Over 150 experts have signed the statement so far, including scientists, policymakers, engineers, entrepreneurs and activists. They aim to make openness a global priority in AI.
Attendees of the U.K. government’s AI Safety Summit have been calling for “urgent” action and tougher governance on future AI model development. But signatories to Mozilla’s statement argue that rushing towards the wrong kind of regulation could “lead to concentrations of power in ways that hurt competition and innovation.”
“Open models can inform an open debate and improve policy making. If our objectives are safety, security and accountability, then openness and transparency are essential ingredients to get us there.”
“We are in the midst of a dynamic discourse about what 'open' signifies in the AI era. This important debate should not slow us down. Rather, it should speed us up, encouraging us to experiment, learn and develop new ways to leverage openness in a race to AI safety,” the statement reads.
LeCun signs on
“Openness, transparency, and broad access makes software platforms safer and more secure,” LeCun said, in a tweet. “This open letter from the Mozilla Foundation, which I signed, makes the case for open AI platforms and systems.”
LeCun’s signature comes after a week of Twitter spats with other AI luminaries over governance around AI safety.

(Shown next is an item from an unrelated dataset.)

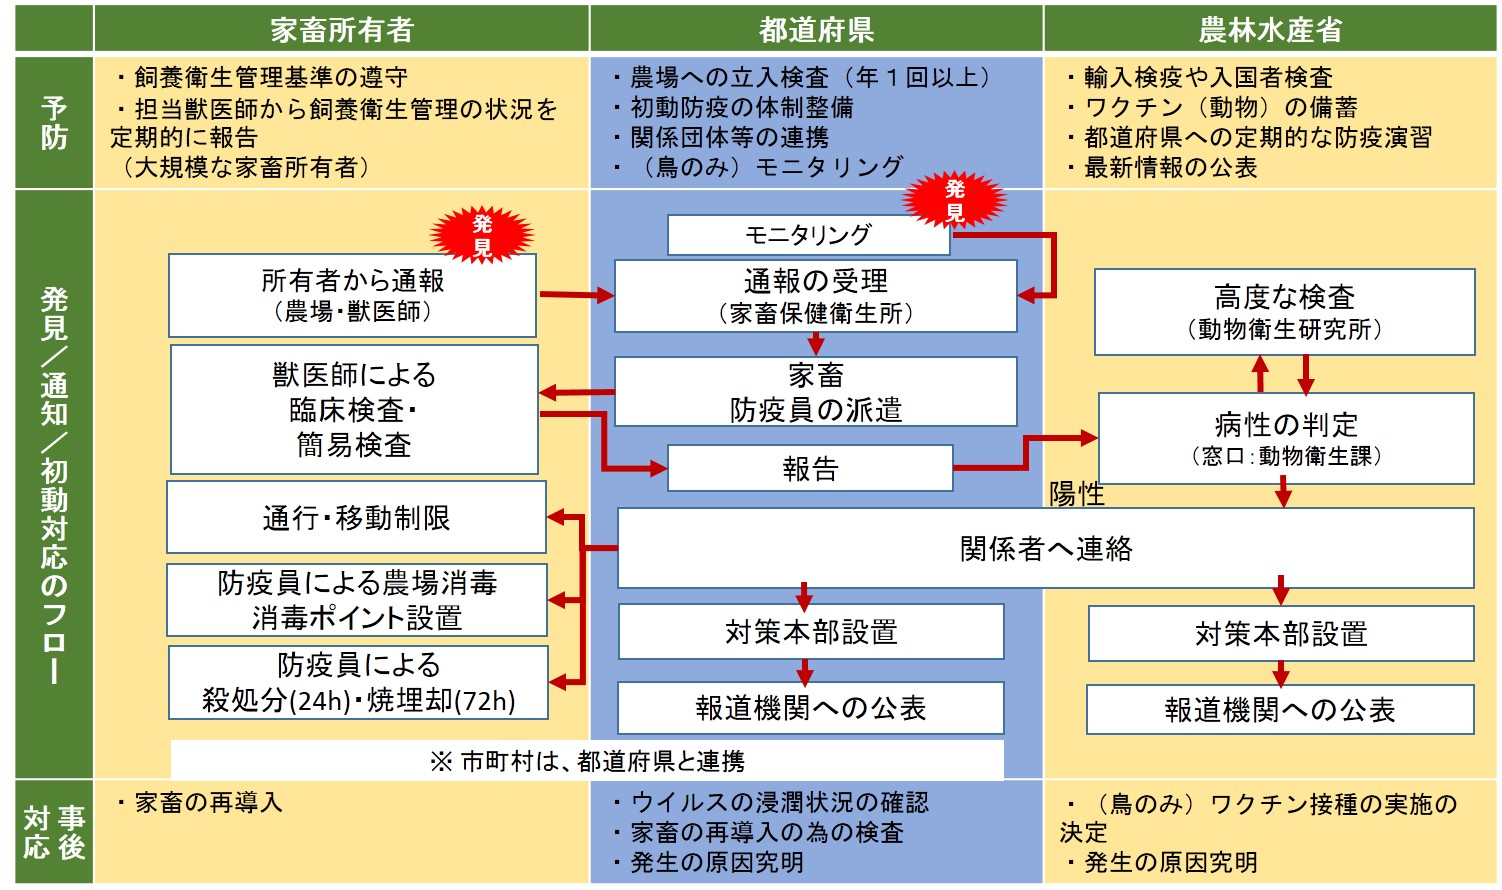 特定家畜伝染病 防疫指針による防疫体制フロー

The Meta chief AI scientist took issue with the likes of Yoshua Bengio, Geoffrey Hinton and Andrew Yao, who this week called for tougher governance on AI in order to reduce existential threats.
In a recent post, he argued that search engines still produce more accurate information than large language models.
“They both use the same public data. Search engines index it. Llama summarizes it approximately,” he said.